In both cases, the plaintiff alleged that he received billing statements from SWANN demanding payments; that he repeatedly informed SWANN that he does not use SWANN's services nor intend to pay SWANN; and that he disposes of all solid waste by transporting it to a solid waste facility outside of Nebraska. However, in the current complaint, the plaintiff has included new legal theories in support of his reasserted position that he has the legal right to be left alone by SWANN. The plaintiff alleges that: (1) Neb. Rev. Stat. § 132-2020 is unconstitutional and deprives the plaintiff of "equal access" and equal protection. (2) SWANN is inflicting cruel and unusual punishment on the plaintiff. (3) SWANN has denied the plaintiff due process.
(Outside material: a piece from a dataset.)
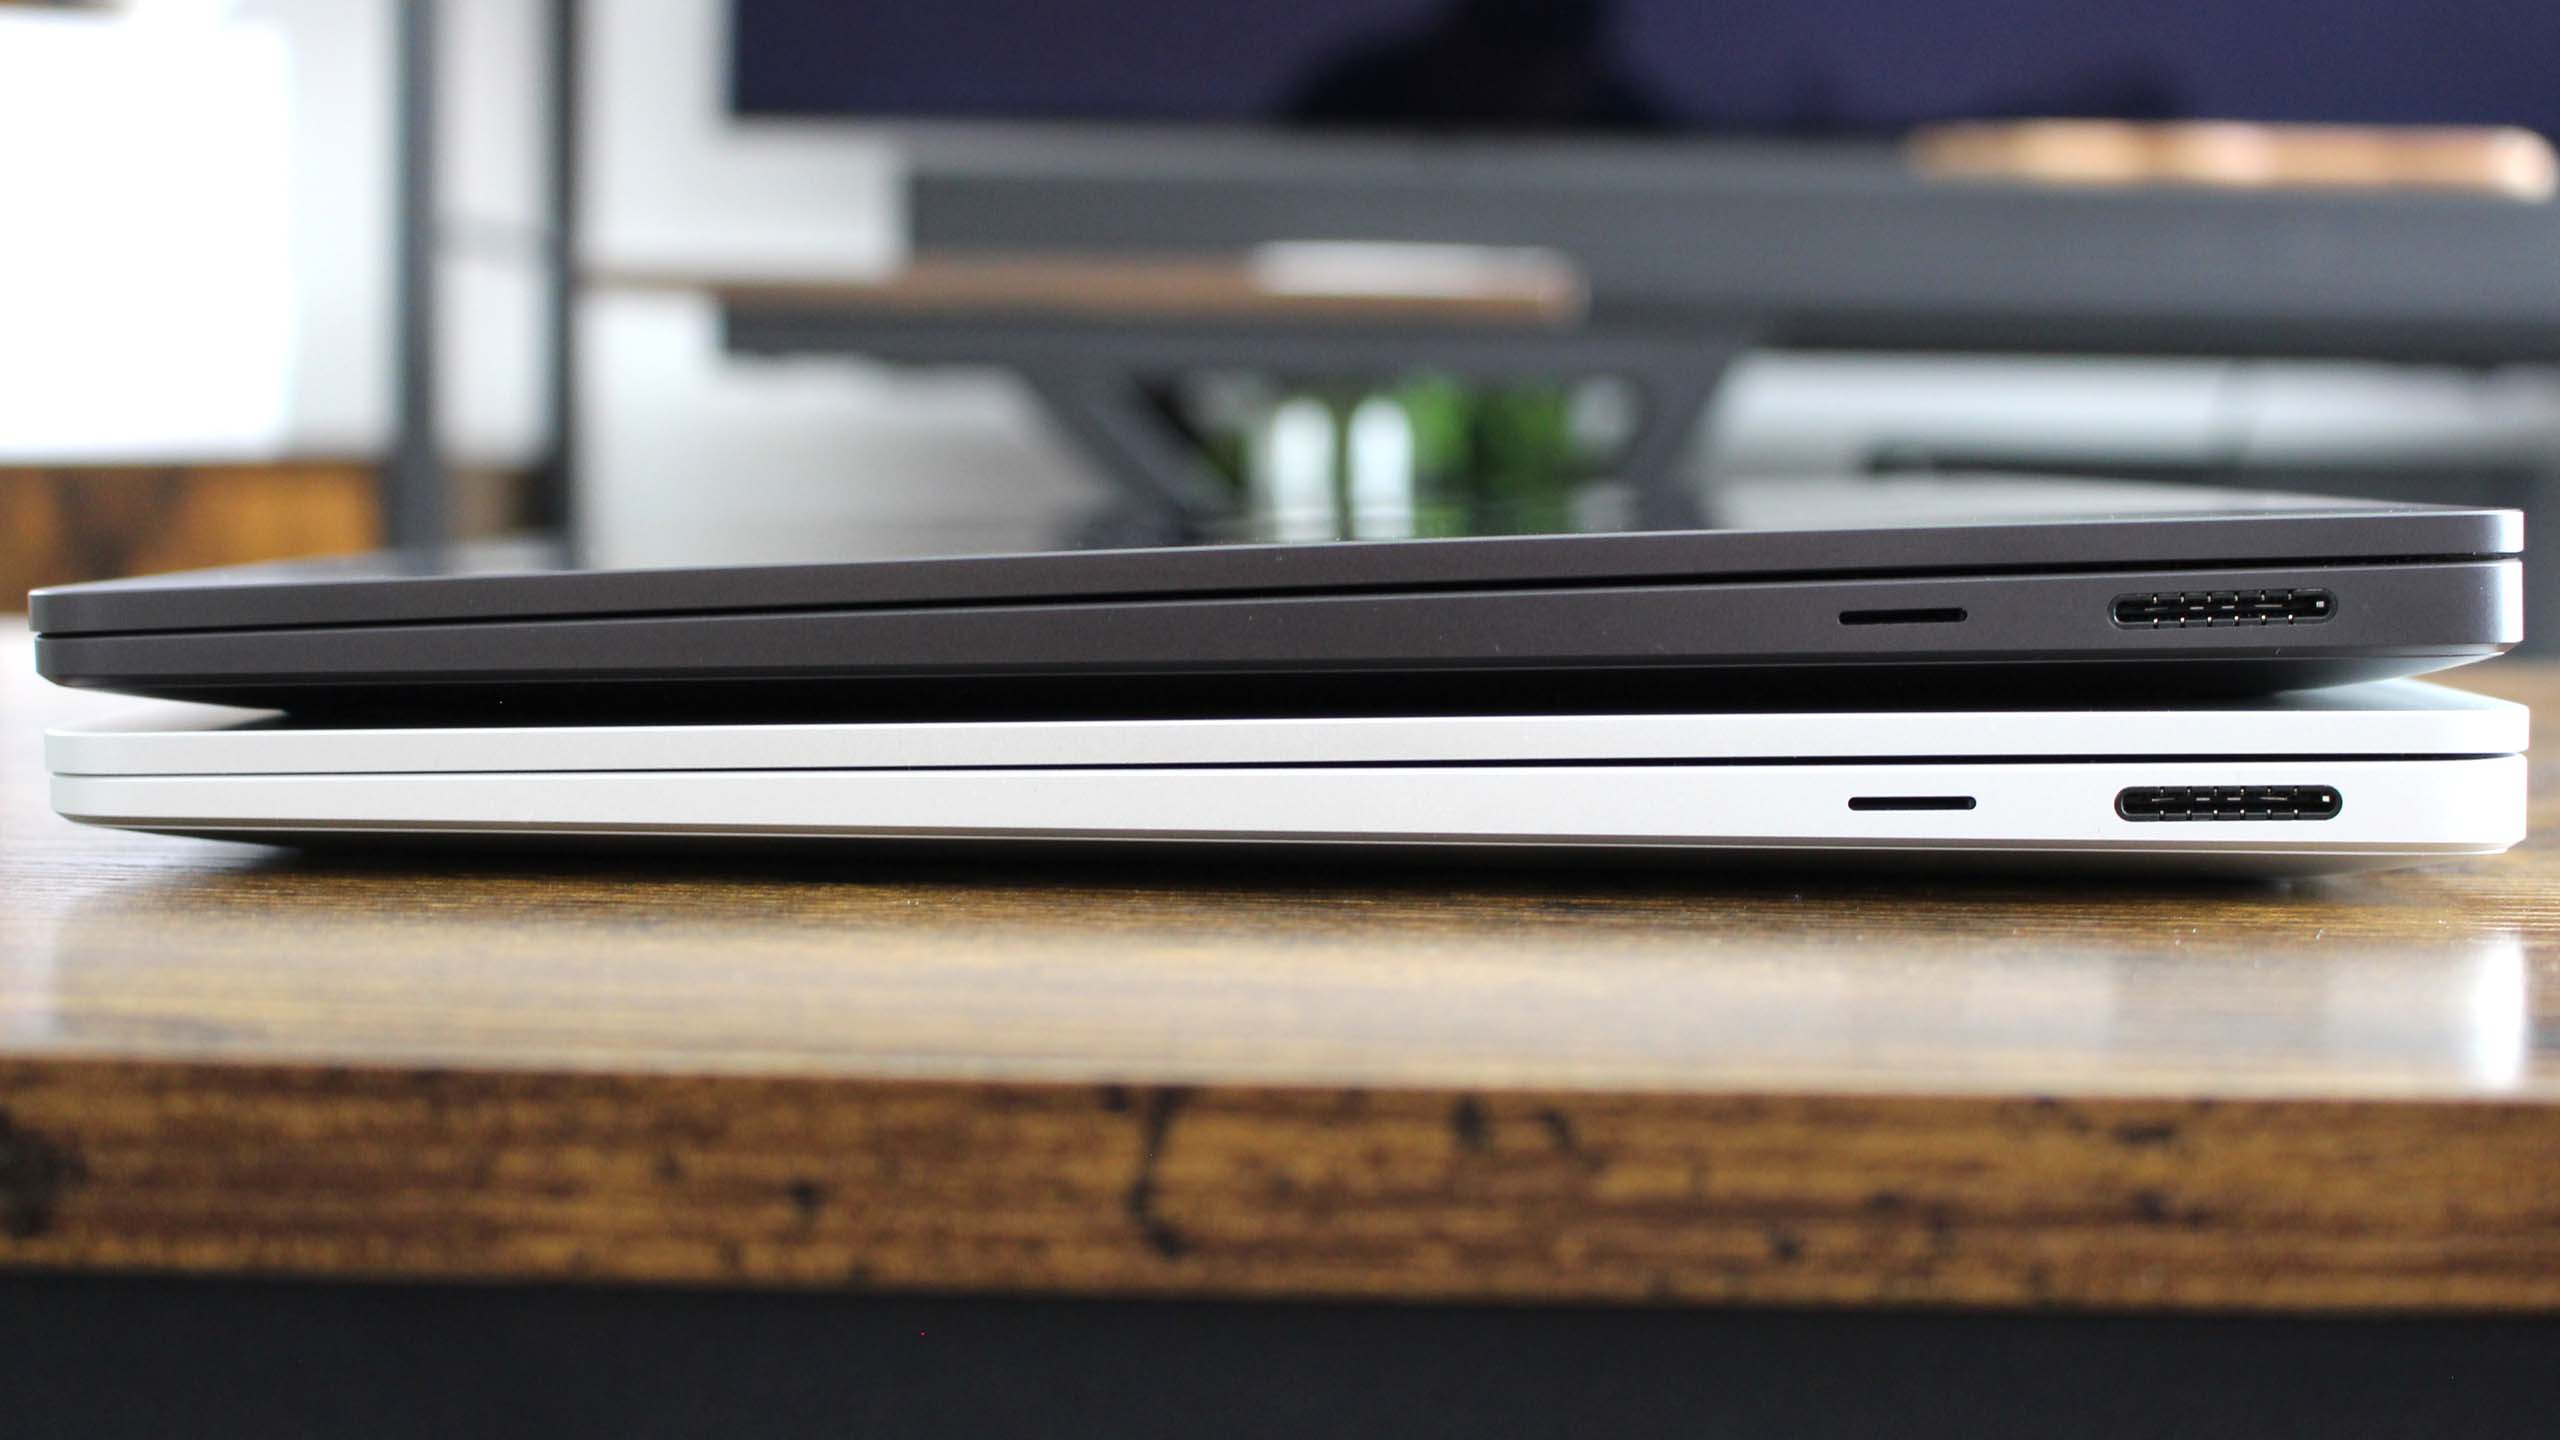 Two Surface Laptop models stacked with black and silver models on a wooden table

The plaintiff also mentions that garbage is an article of interstate commerce.
Most important, however, the plaintiff does not allege that he has ever complied with the procedures necessary to opt out of SWANN's garbage collection, transportation and disposal services and to obtain an exemption from SWANN's fees.
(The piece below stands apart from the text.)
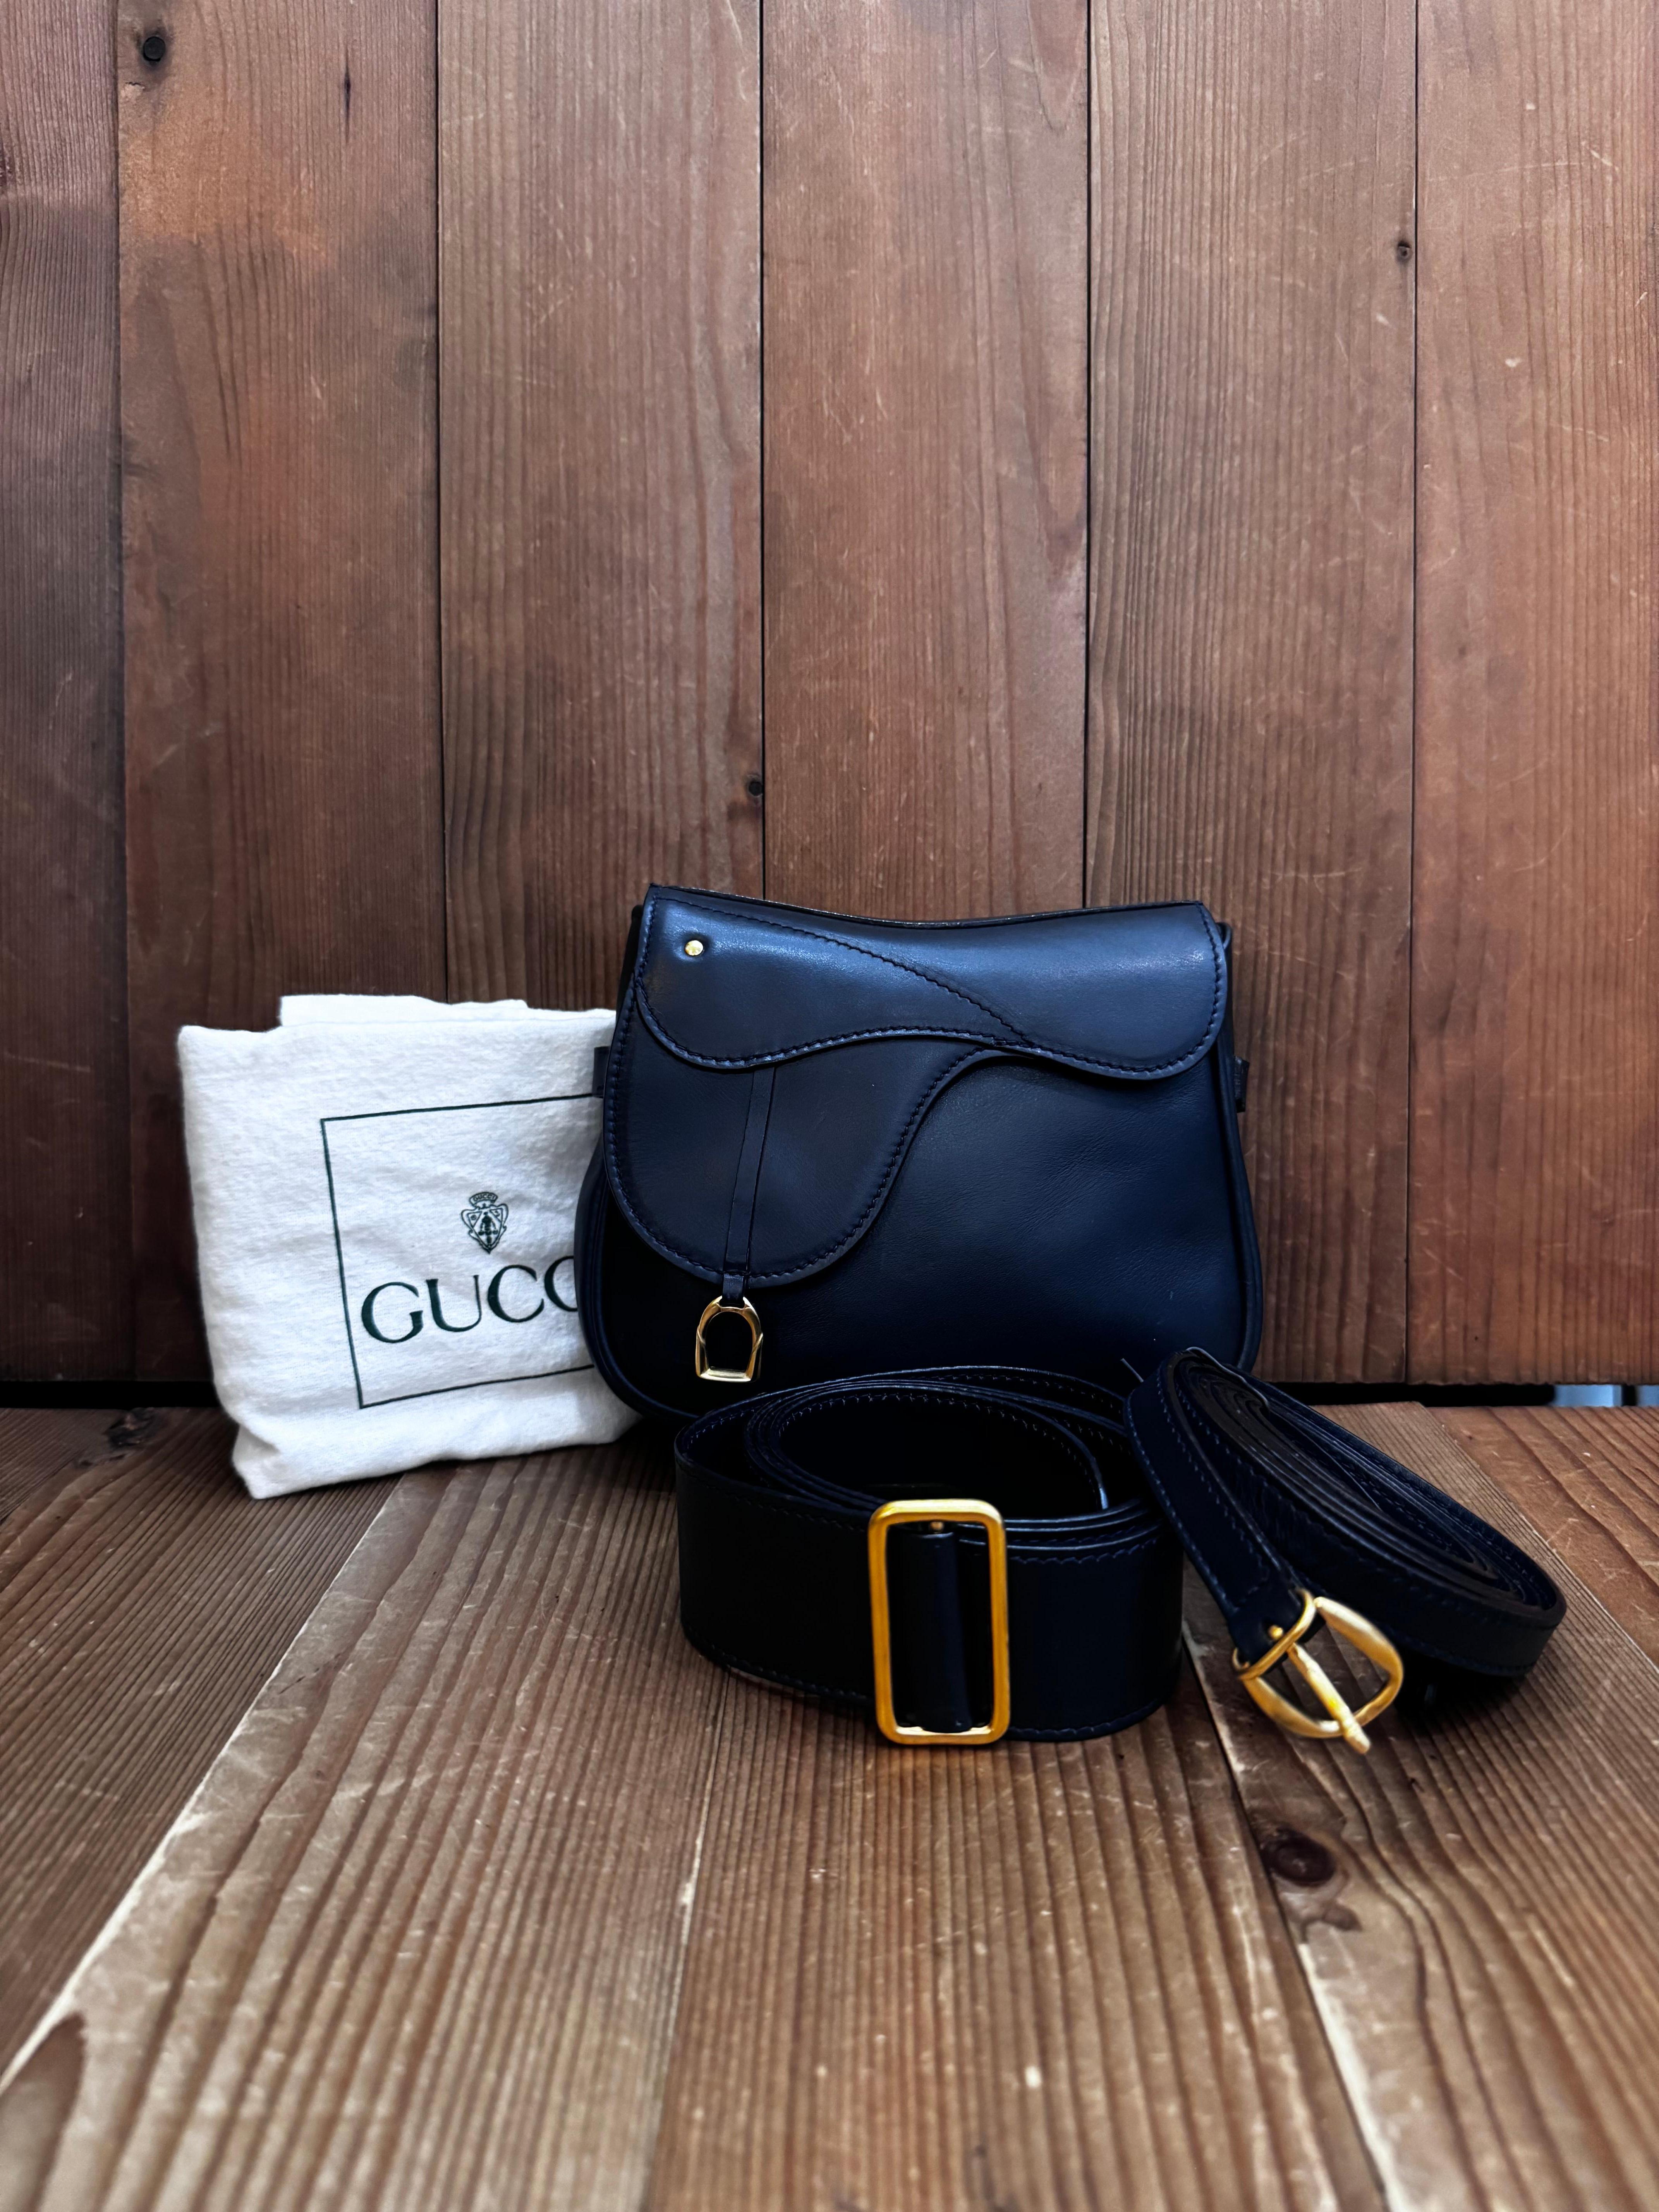 This vintage GUCCI mini two-way saddle bag is crafted of smooth calfskin leather in navy featuring gold toned hardware. This bag features a detachable crossbody strap and a belt of the same leather for wearing as a crossbody bag or around the waist.

In addition to the added legal theories appended to the previously asserted operative facts, the plaintiff alleges the following new information in his present complaint: On August 5, 2003, SWANN assessed the property owner for the plaintiff's unpaid garbage service fees. SWANN failed to provide the owner a hearing. As a result of the assessment, the liability may be converted to a tax lien in three years, and the property may be foreclosed. Therefore, the owner of the property suffered a deprivation of due process from the denial of a hearing.
I conclude from a comparison of the record in Jacobson I and the complaint in the above-entitled case that the plaintiff's present claims and all relevant factual issues are precluded by res judicata and collateral estoppel from relitigation. Other than the issues concerning the property owner's right to due process, all of the other issues and legal rights asserted by the plaintiff in the present case either were raised or could have been raised in Jacobson I.
As for the property owner's right to due process, the plaintiff may not assert the rights of others. See, e.g., Warth v. Seldin, 422 U.S. 490, 500 (1975): A "plaintiff generally must assert his own legal rights and interests, and cannot rest his claim to relief on the legal rights or interests of third parties." Accord Potthoff v. Morin, 245 F.3d 710, 715 (8th Cir. 2001). Therefore, the plaintiff's allegations regarding the rights of the property owner fail to state a claim on which relief may be granted as to the plaintiff.
THEREFORE, IT IS ORDERED:
1. That filing no. 22, the defendant's Motion for Summary Judgment, is granted;
2. That the plaintiff's complaint and this action will be dismissed with prejudice; and
3. That a separate judgment will be entered accordingly.